Generates plots for BenchmarkAggr, all assume that there are multiple, independent, tasks. Choices depending on the argument type:

  • "mean" (default): Assumes there are at least two independent tasks. Plots the sample mean of the measure for all learners with error bars computed with the standard error of the mean.

  • "box": Boxplots for each learner calculated over all tasks for a given measure.

  • "fn": Plots post-hoc Friedman-Nemenyi by first calling BenchmarkAggr$friedman_posthoc and plotting significant pairs in coloured squares and leaving non-significant pairs blank, useful for simply visualising pair-wise comparisons.

  • "cd": Critical difference plots (Demsar, 2006).

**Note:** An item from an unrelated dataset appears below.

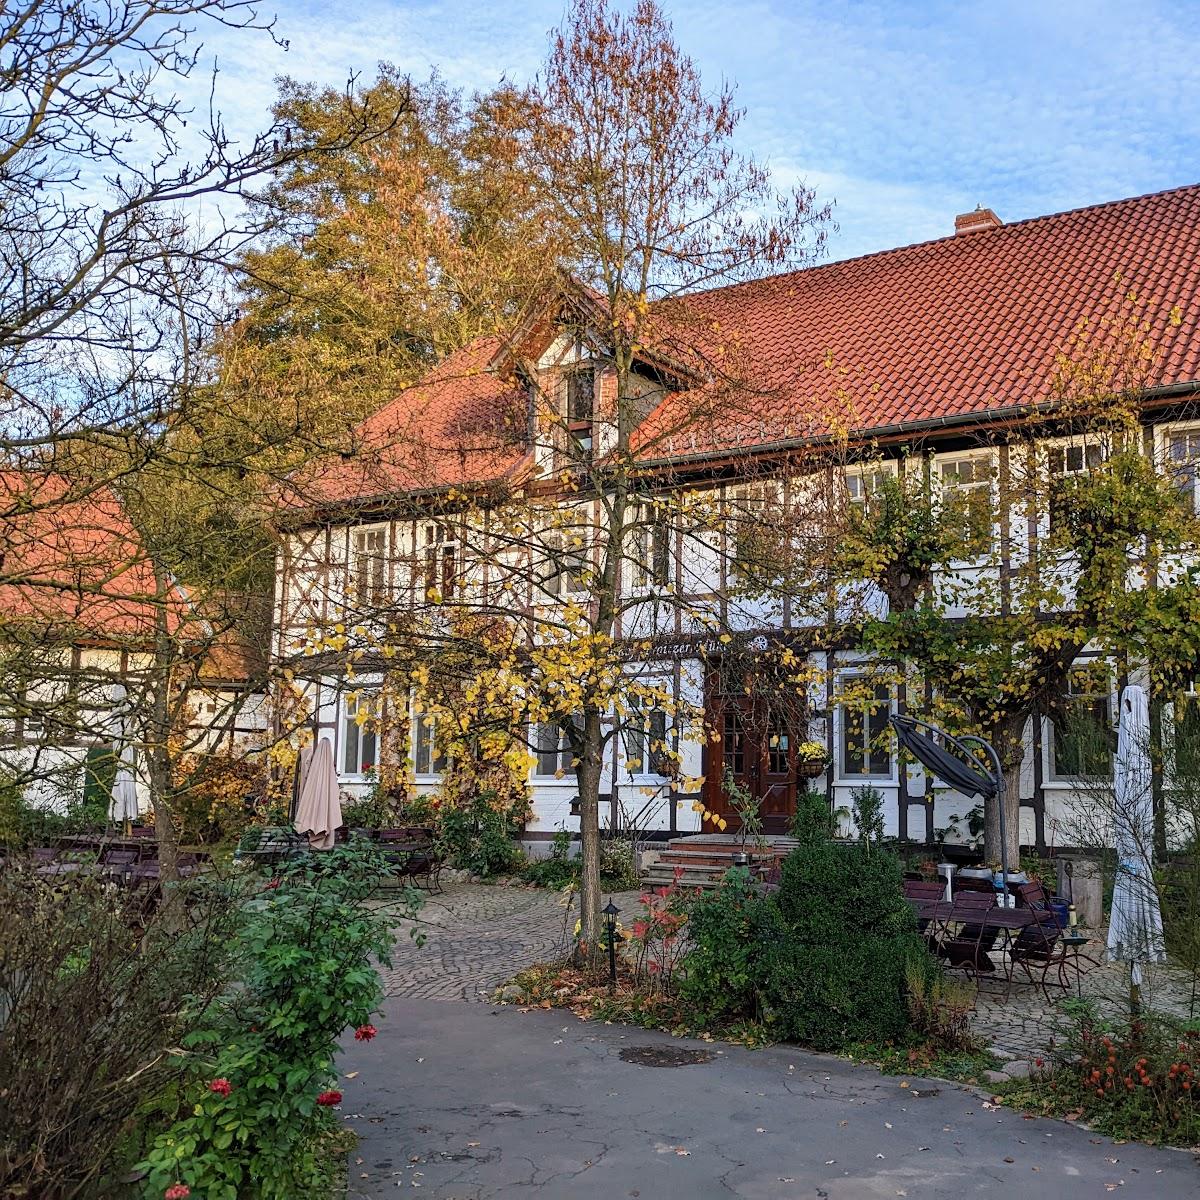 Restaurant "Proitzer Mühle" in Schnega

Learners are drawn on the x-axis according to their average rank with the best performing on the left and decreasing performance going right. Any learners not connected by a horizontal bar are significantly different in performance. Critical differences are calculated as: $$CD = q_{\alpha} \sqrt{\left(\frac{k(k+1)}{6N}\right)}$$ Where \(q_\alpha\) is based on the studentized range statistic. See references for further details. It's recommended to crop white space using external tools, or function image_trim() from package magick.

Usage

# S3 method for BenchmarkAggr
autoplot(
  object,
  type = c("mean", "box", "fn", "cd"),
  meas = NULL,
  level = 0.95,
  p.value = 0.05,
  minimize = TRUE,
  test = "nem",
  baseline = NULL,
  style = 1L,
  ratio = 1/7,
  col = "red",
  friedman_global = TRUE,
  ...
)

Arguments

object

(BenchmarkAggr)
The benchmark aggregation object.

type

(character(1))
Type of plot, see description.

meas

(character(1))
Measure to plot, should be in obj$measures, can be NULL if only one measure is in obj.

level

(numeric(1))
Confidence level for error bars for type = "mean"

p.value

(numeric(1))
What value should be considered significant for type = "cd" and type = "fn".

minimize

(logical(1))
For type = "cd", indicates if the measure is optimally minimized. Default is TRUE.

test

(character(1)))
For type = "cd", critical differences are either computed between all learners (test = "nemenyi"), or to a baseline (test = "bd"). Bonferroni-Dunn usually yields higher power than Nemenyi as it only compares algorithms to one baseline. Default is "nemenyi".

baseline

(character(1))
For type = "cd" and test = "bd" a baseline learner to compare the other learners to, should be in $learners, if NULL then differences are compared to the best performing learner.

style

(integer(1))
For type = "cd" two ggplot styles are shipped with the package (style = 1 or style = 2), otherwise the data can be accessed via the returned ggplot.

ratio

(numeric(1))
For type = "cd" and style = 1, passed to ggplot2::coord_fixed(), useful for quickly specifying the aspect ratio of the plot, best used with ggsave().

col

(character(1))
For type = "fn", specifies color to fill significant tiles, default is "red".

friedman_global

(logical(1))
Should a friedman global test be performed fortype = "cd" and type = "fn"? If FALSE, a warning is issued in case the corresponding friedman posthoc test fails instead of an error. Default is TRUE (raises an error if global test fails).

...

ANY
Additional arguments, currently unused.

Value

The generated plot.

References

Demšar J (2006). “Statistical Comparisons of Classifiers over Multiple Data Sets.” Journal of Machine Learning Research, 7(1), 1-30. https://jmlr.org/papers/v7/demsar06a.html.

Examples

if (requireNamespaces(c("mlr3learners", "mlr3", "rpart", "xgboost"))) {
library(mlr3)
library(mlr3learners)
library(ggplot2)

set.seed(1)
task = tsks(c("iris", "sonar", "wine", "zoo"))
learns = lrns(c("classif.featureless", "classif.rpart", "classif.xgboost"))
bm = benchmark(benchmark_grid(task, learns, rsmp("cv", folds = 3)))
obj = as_benchmark_aggr(bm)

# mean and error bars
autoplot(obj, type = "mean", level = 0.95)

if (requireNamespace("PMCMRplus", quietly = TRUE)) {
  # critical differences
  autoplot(obj, type = "cd",style = 1)
  autoplot(obj, type = "cd",style = 2)

  # post-hoc friedman-nemenyi
  autoplot(obj, type = "fn")
}

}